What this task involves ::
Look in the material below for the line with "MLB Washington Nationals" and the line with "RO 84 - 11505", then set down exactly those two lines and all lines between, nothing more.

───── Task input

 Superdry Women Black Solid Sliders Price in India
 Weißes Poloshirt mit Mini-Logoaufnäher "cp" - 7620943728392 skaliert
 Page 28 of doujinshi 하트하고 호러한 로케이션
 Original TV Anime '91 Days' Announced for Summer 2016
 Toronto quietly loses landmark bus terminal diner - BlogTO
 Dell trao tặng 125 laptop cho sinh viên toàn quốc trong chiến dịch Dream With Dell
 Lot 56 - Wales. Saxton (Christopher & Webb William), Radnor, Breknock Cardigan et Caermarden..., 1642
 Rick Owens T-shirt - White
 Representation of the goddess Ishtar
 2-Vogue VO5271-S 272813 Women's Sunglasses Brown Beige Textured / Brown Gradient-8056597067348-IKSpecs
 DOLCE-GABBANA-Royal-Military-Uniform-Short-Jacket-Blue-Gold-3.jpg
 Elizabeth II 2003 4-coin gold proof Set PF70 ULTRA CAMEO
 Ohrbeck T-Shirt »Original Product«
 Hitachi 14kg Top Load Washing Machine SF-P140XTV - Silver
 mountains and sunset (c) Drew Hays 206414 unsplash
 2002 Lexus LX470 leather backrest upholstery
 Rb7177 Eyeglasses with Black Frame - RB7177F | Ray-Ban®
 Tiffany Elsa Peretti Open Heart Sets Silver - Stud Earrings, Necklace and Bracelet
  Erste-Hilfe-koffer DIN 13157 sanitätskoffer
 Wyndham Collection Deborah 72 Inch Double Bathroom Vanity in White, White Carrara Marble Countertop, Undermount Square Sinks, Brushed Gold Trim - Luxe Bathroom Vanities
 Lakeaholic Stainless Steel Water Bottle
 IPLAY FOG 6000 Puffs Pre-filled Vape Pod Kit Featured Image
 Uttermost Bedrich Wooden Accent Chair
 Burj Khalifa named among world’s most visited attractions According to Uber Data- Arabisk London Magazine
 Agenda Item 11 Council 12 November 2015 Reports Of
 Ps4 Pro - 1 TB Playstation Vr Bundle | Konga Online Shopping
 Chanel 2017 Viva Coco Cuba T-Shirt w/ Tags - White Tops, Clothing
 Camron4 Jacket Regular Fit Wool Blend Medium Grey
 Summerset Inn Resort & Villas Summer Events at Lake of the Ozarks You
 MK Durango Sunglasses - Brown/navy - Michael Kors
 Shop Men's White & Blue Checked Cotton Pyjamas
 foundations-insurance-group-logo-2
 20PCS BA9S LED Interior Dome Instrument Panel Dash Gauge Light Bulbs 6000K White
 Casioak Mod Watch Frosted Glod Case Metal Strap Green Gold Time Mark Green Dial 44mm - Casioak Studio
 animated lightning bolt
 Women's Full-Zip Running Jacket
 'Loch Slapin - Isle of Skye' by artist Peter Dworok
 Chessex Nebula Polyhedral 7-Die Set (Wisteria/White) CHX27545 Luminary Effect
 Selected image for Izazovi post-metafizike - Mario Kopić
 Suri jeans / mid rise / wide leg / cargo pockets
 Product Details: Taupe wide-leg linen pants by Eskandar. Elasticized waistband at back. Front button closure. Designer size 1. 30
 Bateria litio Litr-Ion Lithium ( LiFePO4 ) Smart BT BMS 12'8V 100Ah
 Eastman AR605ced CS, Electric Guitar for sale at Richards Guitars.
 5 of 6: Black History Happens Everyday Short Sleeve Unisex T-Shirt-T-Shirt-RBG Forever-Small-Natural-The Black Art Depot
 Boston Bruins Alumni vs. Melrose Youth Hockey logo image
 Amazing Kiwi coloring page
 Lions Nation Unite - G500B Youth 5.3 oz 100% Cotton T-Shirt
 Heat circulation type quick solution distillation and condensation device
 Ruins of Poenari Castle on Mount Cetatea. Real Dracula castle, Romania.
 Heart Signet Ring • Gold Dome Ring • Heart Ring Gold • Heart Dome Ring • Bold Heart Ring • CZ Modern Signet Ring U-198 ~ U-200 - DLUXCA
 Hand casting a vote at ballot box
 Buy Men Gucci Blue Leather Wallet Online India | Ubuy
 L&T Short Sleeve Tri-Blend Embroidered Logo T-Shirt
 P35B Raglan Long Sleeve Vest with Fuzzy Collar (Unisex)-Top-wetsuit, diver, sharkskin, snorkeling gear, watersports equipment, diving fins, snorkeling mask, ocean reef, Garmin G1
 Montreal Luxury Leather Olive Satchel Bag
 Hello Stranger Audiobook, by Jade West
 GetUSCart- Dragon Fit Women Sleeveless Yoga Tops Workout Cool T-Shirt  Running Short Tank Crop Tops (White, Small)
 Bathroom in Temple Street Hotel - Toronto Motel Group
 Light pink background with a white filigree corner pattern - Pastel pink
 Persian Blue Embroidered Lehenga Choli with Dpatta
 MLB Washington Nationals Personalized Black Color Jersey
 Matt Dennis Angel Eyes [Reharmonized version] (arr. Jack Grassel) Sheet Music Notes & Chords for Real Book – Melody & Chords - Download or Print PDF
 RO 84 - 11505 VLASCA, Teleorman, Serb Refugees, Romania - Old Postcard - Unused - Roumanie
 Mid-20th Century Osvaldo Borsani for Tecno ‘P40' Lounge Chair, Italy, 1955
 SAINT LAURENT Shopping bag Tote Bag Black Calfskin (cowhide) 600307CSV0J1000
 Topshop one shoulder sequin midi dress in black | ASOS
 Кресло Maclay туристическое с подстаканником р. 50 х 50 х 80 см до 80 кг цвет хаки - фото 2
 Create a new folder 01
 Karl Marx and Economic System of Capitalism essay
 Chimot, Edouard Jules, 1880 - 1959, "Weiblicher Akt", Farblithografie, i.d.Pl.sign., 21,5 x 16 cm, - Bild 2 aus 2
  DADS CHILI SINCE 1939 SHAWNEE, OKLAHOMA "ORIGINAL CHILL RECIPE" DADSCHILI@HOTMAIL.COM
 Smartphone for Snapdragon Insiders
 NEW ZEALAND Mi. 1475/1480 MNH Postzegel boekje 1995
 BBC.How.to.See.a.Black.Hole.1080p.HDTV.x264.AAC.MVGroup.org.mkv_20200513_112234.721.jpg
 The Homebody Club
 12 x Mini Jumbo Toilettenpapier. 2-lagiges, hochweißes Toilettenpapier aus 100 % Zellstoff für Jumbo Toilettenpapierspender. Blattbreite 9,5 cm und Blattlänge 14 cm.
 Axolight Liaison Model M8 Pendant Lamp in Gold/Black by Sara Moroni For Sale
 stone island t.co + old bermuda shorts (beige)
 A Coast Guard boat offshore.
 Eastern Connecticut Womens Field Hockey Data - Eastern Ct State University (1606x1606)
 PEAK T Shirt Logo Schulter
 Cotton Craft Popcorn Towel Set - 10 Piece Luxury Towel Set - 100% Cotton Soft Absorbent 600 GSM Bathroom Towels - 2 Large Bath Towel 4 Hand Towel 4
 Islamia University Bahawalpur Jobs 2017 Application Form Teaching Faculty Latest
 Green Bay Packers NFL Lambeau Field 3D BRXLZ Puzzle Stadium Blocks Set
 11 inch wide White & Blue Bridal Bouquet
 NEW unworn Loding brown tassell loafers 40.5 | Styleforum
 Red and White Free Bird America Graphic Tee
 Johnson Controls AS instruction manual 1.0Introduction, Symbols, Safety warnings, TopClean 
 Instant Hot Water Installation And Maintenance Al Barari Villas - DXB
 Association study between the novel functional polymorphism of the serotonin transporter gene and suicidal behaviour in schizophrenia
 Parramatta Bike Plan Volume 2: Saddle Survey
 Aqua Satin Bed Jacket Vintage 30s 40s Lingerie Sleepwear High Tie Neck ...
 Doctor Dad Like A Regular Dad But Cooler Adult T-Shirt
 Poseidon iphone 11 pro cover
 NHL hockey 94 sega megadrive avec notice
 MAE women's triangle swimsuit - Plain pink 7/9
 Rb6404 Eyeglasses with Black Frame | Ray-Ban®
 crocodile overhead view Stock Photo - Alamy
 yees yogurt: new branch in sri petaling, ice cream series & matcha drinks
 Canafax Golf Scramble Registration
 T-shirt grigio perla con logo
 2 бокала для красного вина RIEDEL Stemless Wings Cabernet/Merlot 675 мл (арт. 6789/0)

──────────

Task response ::
 MLB Washington Nationals Personalized Black Color Jersey
 Matt Dennis Angel Eyes [Reharmonized version] (arr. Jack Grassel) Sheet Music Notes & Chords for Real Book – Melody & Chords - Download or Print PDF
 RO 84 - 11505 VLASCA, Teleorman, Serb Refugees, Romania - Old Postcard - Unused - Roumanie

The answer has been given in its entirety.